Guidebooks to the trail note many of the water caches, some of which have been there for years, but hikers are warned not to depend on them, particularly if a lot of people are hiking the trail. The caches can be dry when a hiker gets to them.

This explains why Towne left a bit early; most start on the traditional kickoff, the last weekend in April, but he started a week earlier to get a jump on the crowd.

But the crowd—a relative term in this case—has its own pleasures, says the talkative Towne. Especially after hiking for several days alone.

“You go through some stretches by yourself, especially early in the season,” he says. “Day or weekend hikers aren’t really out until June, and you’ll go three or four days without seeing anyone. After a few days, you start getting a little lonely, and the first person you see, you want to talk their ear off.”

He purchased a radio in Oregon and took advantage of his elevation to sample local radio stations. And, he says, the solitude is a nice change.

Sometimes you can just shut your mind off and walk,” he says. “It’s peaceful to not have any distractions.”

When he did want to communicate with people, he found it pretty easy.

“I journaled every day,” he says. “I had a device called Pocketmail, like a Blackberry, but not a phone.
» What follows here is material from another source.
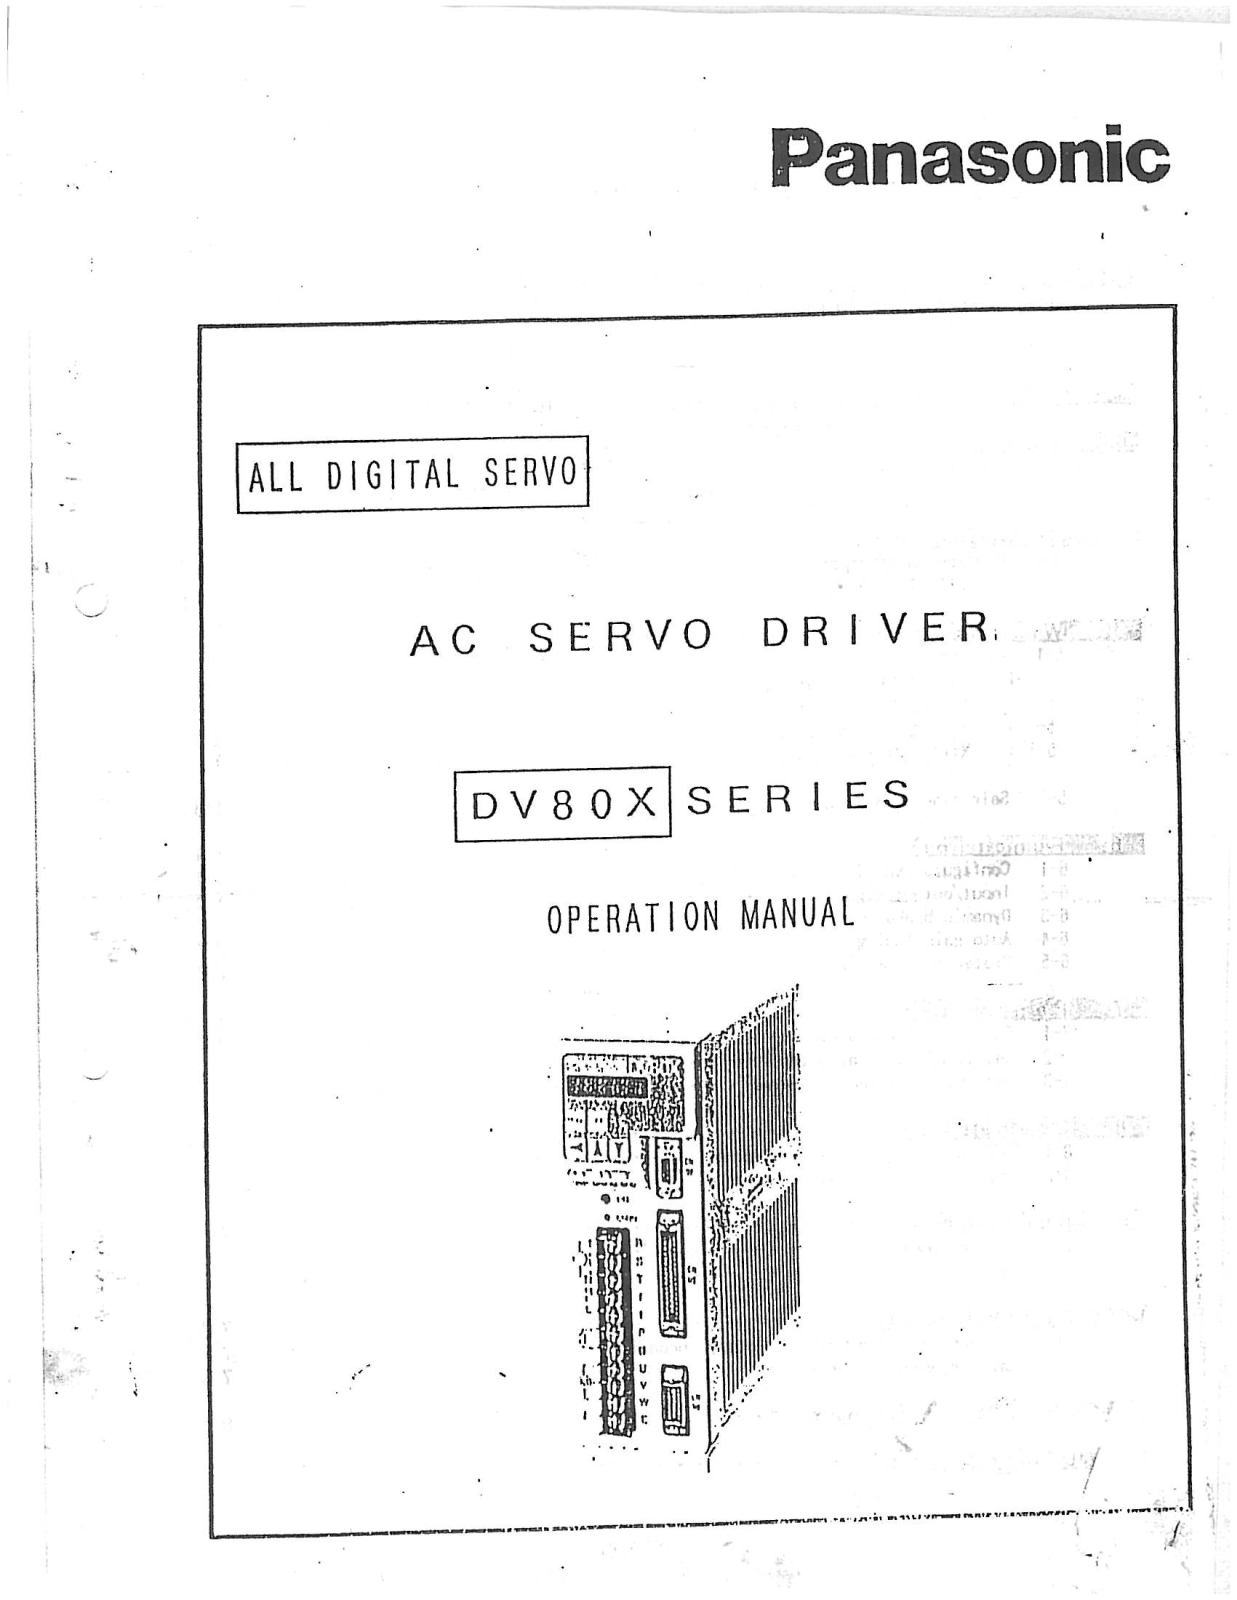 Panasonic DV80X User Manual

It stores your e-mails as you write them in the mountains, then you dial an 800 number on a pay phone, and it sends your e-mails. I had about 50 people on my distribution list.

“Then there’s trailjournals .com, so you can put your journal right online. I’d eat dinner, read the guidebook, write in my journal and go to sleep.”

After walking the first 400 miles alone, he met an Australian with whom he walked about 500 miles, and later he hiked with two women through much of the Oregon and Washington sections of the trail. His girlfriend came up from Berkeley to hike a section with him, though at his pace of 25 to 30 miles a day, it was difficult for her to keep up.

An active person, he didn’t do much training for the trail. “I went with the theory that the first 300 to 400 miles train you for the rest.”

Still, he lost about 20 pounds off his 5-foot-8-inch frame, weight he said he didn’t have to lose. He recommends it as a great weight-loss idea, though.

“I saw people who I would consider obese drop 40 or 50 pounds in the first couple of weeks,” he says.

Towne got his backpack down to about 15 pounds, not counting food and water. His wardrobe was minimal: one short-sleeve shirt; one long-sleeve shirt; one pair each of long pants, shorts and rain pants; three pairs of socks; and a rain jacket. He also had a down jacket in the high Sierra, but in general he found the weather to be manageable. He did have to hike through a couple of thunderstorms because there was nowhere to stop.

His food was suitably simple: He started each day with instant oatmeal (mixed in a water bottle; he carried no stove after a couple of hundred miles). His basic dried food consisted of refried and black beans, split-pea soup and lentil soup. He ate dried fruit and nuts. He tried beef jerky, but found that it didn’t keep well. And he carried olive oil, good for fat and calories.

And then there were the Snickers bars. Lots of Snickers bars.

“A lot of people live on those things,” he says. “Which is fine, but you have to eat ’em early in the day, while it’s still cool, or they’ll melt.”

His food came by mail from his mother, who sent 26 packages to small towns along the way. He also was happy to buy meals in many of the small towns he encountered, though some, he says, were worse than his trail food. He also stayed in a couple of hotels, mostly for the hot shower.